__DATA EXTRACT__.
=== Section Start ===

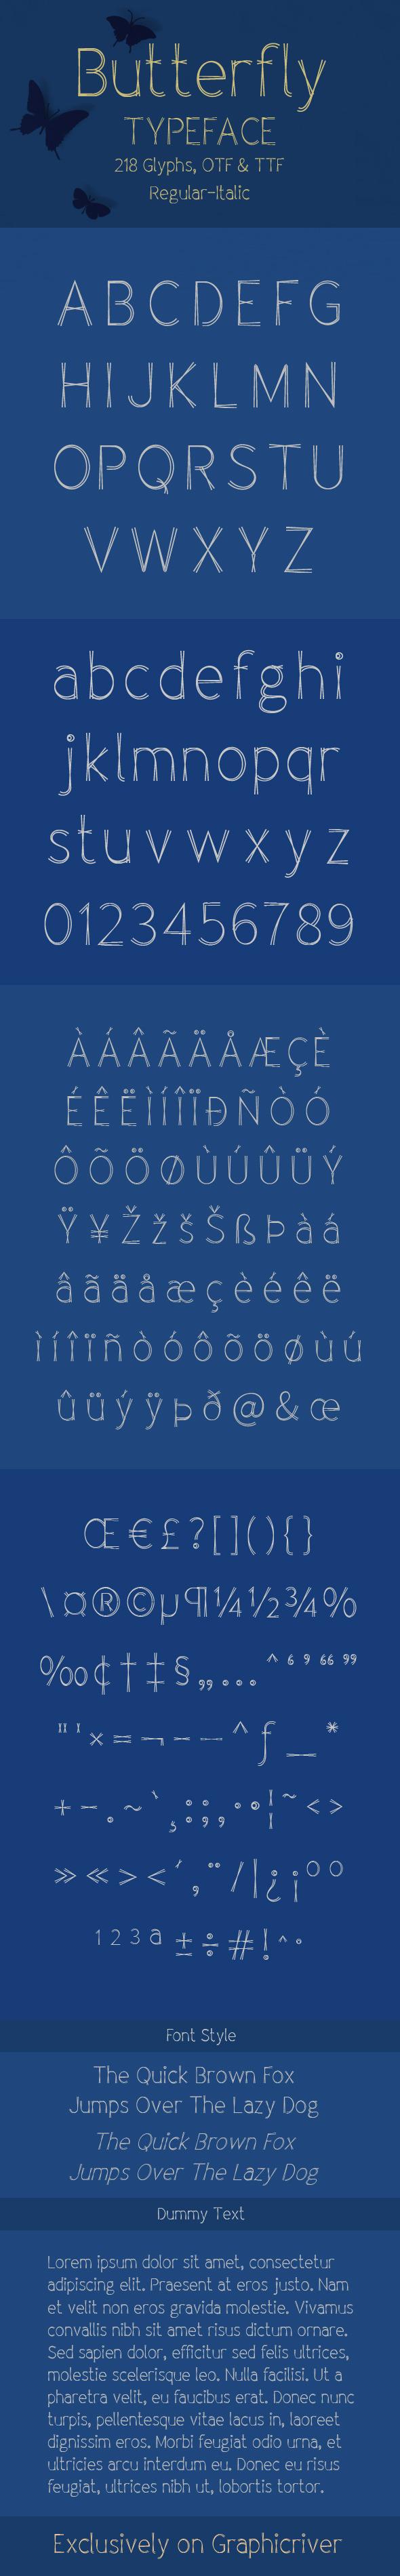 Butterfly Typeface - Sans-Serif Fonts
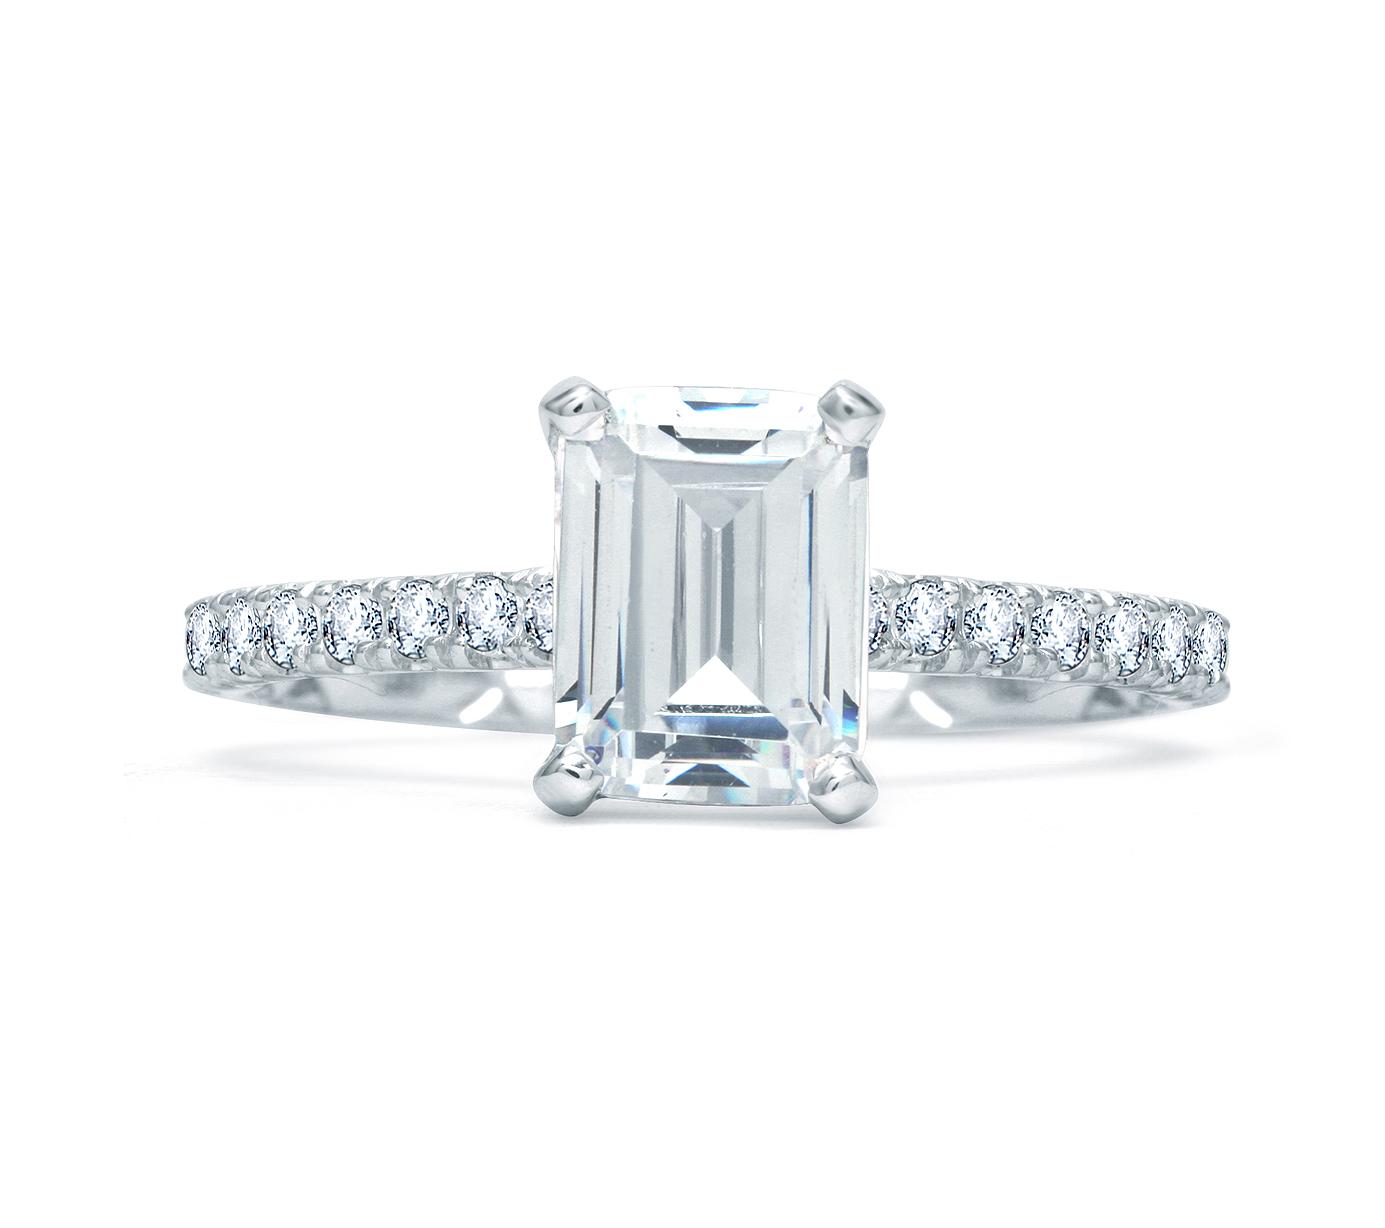 A.Jaffe Rings | Van Gundys | Camarillo, CA Jewelers
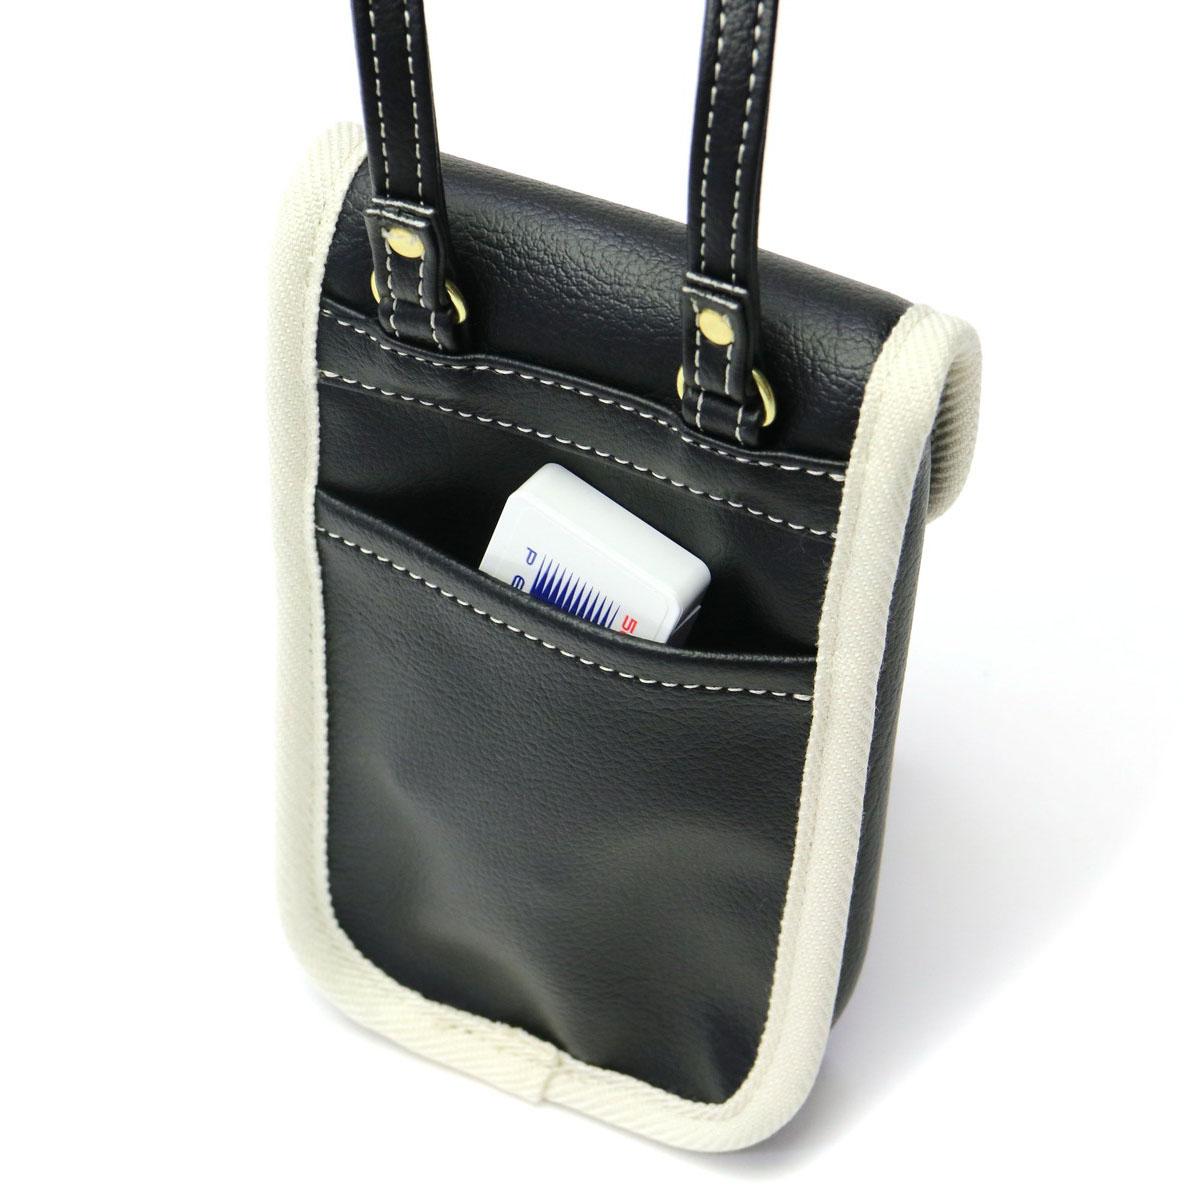 949dced25df7 ESSENTIAL DESIGNS × PORTER shoulder bag SHOULDER POUCH Almighty series  Yoshida bag mini shoulder E181803

=== Section End ===

__WHAT IS EXPECTED__. Pictures are skipped here. Print exactly, and only, the lines from the one holding "A.Jaffe Rings |" through the final line of the material above, both ends included.

__TASK RESPONSE__.
 A.Jaffe Rings | Van Gundys | Camarillo, CA Jewelers
 949dced25df7 ESSENTIAL DESIGNS × PORTER shoulder bag SHOULDER POUCH Almighty series  Yoshida bag mini shoulder E181803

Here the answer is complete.